Blue whale off the coast of San Diego.
Photo credit: Katherine Whitaker
This repository details how to train, validate, and test a ResNet-18 CNN to classify blue whale A and B calls in 30 second spectrogram windows. The opensource Python package, opensoundscape, is used for preprocessing and model training. The model is trained on publicly available acoustic data from the DCLDE 2015 Workshop.
WhaleSongNet/
├── LICENSE
├── README.md <- The top-level README for users.
├── data
│ ├── interim <- Intermediate data that has been transformed.
│ ├── processed <- The final, canonical train, validation, and test data sets for modeling.
│ └── raw <- The original, immutable data dump.
│
├── models <- Trained models
│
├── notebooks <- Jupyter notebooks.
│ └── plot_spectrograms
| └── plot_spectrograms.ipynb
|
├── references <- Relevant literature.
│
├── reports <- Generated analysis as HTML, PDF, LaTeX, etc.
│ └── figures <- Graphics and figures to be used in reporting
│
├── requirements.txt <- The requirements file for reproducing the analysis environment, e.g.
│ generated with `conda list --export > requirements.txt`
│
├── src <- Source code for use in this project.

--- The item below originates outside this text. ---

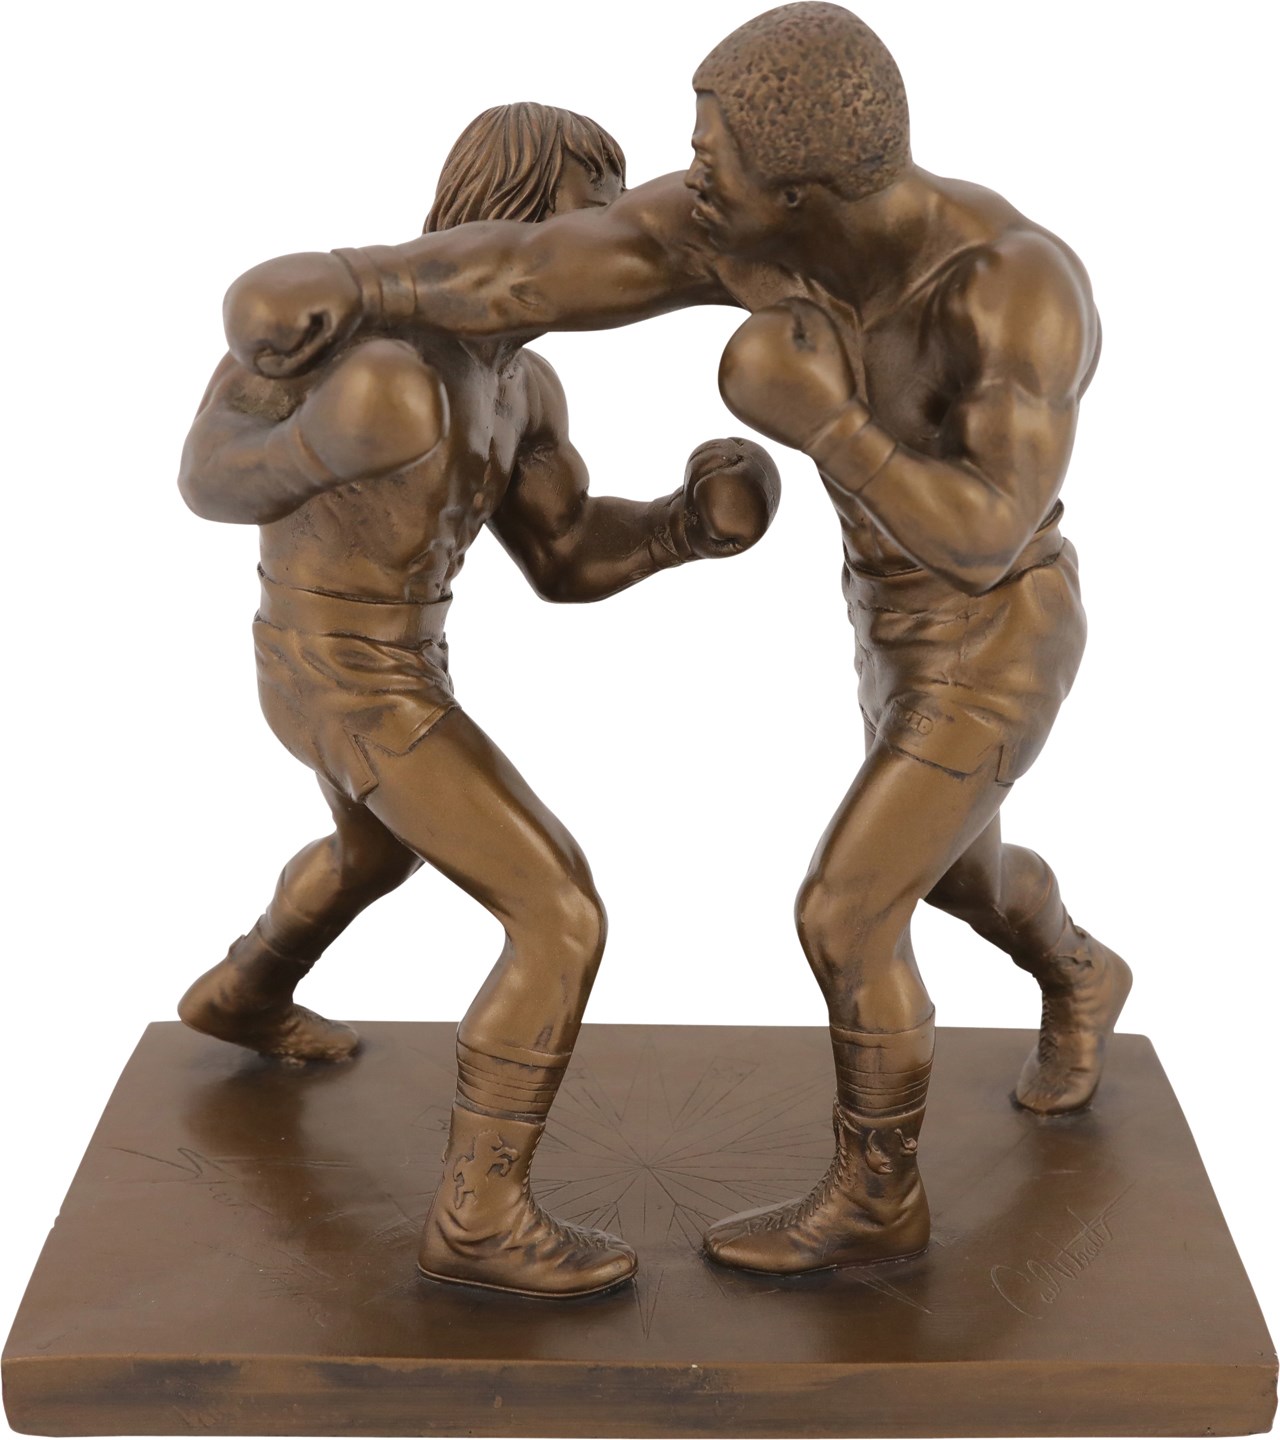 Muhammad Ali & Boxing - 1979 Rocky Balboa vs Apollo Creed Statue by Giovanni Schoeman

├── __init__.py <- Makes src a Python module
│
├── data <- Scripts to download or generate data
│ └── AudioStreamDescriptor.py
| └── download_data.py
| └── extract_xwav_header.py
| └── make_dataset.py
| └── make_hot_clips.py
| └── modify_annotations.py
│
├── models <- Scripts to train models and then use trained models to make
│ predictions
├── train.py
├── evaluate_model.py
└── predict.py
-
Clone the Repository:
git clone https://github.com/m1alksne/WhaleSongNet.git
cd WhaleSongNet
-
Create a Virtual Environment:
conda create -n whalesongnet python=3.9
conda activate whalesongnet
-
Install Dependencies:
pip install opensoundscape==0.9.1
-
Download Data:
*note, this will take a while! The raw .WAV files are available on figshare
python src/data/download_data.py
-
Preprocess the Data:
a.
python src/data/make_hotclips.py
b.
python src/data/make_dataset.py
-
Train the Model:
python src/models/train.py
-
Evaluate Model Performance:
python src/models/evaluate_model.py
-
Make Predictions:
python src/models/predict.py
The training, validation, and testing clips are already included along with each epoch of the model. Depending on the use-case, step 5-6 may not be necessary. The trained model and surrounding data processing and evaluation workflows are meant to be used for educational purposes. This workflow is flexible and model hyper-parameters are easy to fine-tune (in the train.py script). The overall workflow can also be modified to retrain the model on a different acoustic dataset. The original annotations are generated using LoggerPro in Triton. If a new user has audio annotations in a similar format, they can use this as a step-by-step guide to train, validate, and test a CNN model on their dataset.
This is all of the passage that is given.